▸ WORK INSTRUCTION:
Your task is to quote the listing below exactly, beginning with its first line and ending on the line bearing "Image of Dark".

▸ WORKING DATA:
****************

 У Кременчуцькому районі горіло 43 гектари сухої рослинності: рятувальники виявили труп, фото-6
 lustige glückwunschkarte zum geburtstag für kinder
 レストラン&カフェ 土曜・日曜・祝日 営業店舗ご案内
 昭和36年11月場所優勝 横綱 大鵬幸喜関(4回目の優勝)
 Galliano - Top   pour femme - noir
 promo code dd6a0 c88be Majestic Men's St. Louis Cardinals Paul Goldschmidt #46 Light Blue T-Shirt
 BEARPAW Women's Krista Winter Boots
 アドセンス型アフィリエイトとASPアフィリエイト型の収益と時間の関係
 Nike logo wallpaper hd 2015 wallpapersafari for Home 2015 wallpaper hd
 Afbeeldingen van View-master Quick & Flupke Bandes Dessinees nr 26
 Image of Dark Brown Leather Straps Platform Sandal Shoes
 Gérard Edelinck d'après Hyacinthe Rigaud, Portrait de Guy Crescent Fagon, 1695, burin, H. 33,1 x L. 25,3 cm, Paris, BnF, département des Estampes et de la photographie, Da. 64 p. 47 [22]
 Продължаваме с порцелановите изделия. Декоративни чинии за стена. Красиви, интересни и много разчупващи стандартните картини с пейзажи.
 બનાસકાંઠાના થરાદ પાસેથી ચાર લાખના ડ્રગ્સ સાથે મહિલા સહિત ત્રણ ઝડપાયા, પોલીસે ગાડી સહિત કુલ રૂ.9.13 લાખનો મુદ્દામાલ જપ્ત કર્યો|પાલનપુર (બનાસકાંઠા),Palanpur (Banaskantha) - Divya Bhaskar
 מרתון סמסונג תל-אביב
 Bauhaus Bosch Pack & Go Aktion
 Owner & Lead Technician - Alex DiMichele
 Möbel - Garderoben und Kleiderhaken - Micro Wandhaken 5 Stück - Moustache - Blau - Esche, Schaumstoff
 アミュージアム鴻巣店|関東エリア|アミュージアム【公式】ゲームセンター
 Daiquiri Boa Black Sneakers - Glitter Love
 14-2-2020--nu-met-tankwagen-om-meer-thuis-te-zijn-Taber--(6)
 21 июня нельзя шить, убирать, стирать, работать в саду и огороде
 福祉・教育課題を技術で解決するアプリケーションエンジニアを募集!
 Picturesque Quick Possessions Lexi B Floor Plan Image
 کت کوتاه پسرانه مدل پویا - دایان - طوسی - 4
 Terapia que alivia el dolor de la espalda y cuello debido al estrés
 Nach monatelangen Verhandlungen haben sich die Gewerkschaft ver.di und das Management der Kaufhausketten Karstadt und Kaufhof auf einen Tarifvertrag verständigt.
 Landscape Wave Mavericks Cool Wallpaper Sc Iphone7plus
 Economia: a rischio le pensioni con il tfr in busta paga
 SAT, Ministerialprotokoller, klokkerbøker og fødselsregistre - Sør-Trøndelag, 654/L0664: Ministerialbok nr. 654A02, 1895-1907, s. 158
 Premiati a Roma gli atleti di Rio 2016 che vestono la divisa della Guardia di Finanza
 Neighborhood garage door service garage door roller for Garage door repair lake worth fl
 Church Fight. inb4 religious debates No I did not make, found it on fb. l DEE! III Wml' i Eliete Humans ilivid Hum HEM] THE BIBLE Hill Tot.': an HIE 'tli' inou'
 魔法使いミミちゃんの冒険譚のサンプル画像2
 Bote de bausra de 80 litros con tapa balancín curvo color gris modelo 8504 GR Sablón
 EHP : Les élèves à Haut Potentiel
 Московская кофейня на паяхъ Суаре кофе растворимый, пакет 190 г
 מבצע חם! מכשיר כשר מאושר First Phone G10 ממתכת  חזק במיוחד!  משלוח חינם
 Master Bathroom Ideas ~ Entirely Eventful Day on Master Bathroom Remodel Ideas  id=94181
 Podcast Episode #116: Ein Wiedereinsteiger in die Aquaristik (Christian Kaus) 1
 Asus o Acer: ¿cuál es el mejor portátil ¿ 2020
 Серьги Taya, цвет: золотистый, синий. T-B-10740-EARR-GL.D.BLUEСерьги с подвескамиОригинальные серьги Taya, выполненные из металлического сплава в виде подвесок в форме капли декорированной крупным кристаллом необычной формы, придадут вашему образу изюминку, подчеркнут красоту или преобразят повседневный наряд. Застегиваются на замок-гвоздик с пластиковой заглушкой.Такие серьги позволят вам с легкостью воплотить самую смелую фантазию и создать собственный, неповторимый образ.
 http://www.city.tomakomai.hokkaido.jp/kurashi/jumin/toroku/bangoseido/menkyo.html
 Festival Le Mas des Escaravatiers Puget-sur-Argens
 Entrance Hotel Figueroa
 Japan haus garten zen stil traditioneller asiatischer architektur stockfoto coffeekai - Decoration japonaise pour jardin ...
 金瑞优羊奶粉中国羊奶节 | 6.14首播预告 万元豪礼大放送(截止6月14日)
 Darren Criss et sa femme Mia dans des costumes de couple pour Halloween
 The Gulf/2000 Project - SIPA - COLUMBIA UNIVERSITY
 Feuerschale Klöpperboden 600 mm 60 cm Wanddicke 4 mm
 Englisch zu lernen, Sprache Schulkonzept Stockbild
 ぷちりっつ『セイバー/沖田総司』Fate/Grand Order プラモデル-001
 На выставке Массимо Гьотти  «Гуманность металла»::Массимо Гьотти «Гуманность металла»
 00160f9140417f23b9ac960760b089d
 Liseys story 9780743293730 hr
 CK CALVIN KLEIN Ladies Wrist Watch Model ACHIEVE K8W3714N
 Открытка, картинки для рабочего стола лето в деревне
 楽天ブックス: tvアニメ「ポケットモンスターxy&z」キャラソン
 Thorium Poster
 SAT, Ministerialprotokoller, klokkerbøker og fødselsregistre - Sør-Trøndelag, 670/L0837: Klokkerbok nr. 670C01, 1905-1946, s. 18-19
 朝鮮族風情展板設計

****************

▸ ANSWER TO THIS PROBLEM:
 У Кременчуцькому районі горіло 43 гектари сухої рослинності: рятувальники виявили труп, фото-6
 lustige glückwunschkarte zum geburtstag für kinder
 レストラン&カフェ 土曜・日曜・祝日 営業店舗ご案内
 昭和36年11月場所優勝 横綱 大鵬幸喜関(4回目の優勝)
 Galliano - Top   pour femme - noir
 promo code dd6a0 c88be Majestic Men's St. Louis Cardinals Paul Goldschmidt #46 Light Blue T-Shirt
 BEARPAW Women's Krista Winter Boots
 アドセンス型アフィリエイトとASPアフィリエイト型の収益と時間の関係
 Nike logo wallpaper hd 2015 wallpapersafari for Home 2015 wallpaper hd
 Afbeeldingen van View-master Quick & Flupke Bandes Dessinees nr 26
 Image of Dark Brown Leather Straps Platform Sandal Shoes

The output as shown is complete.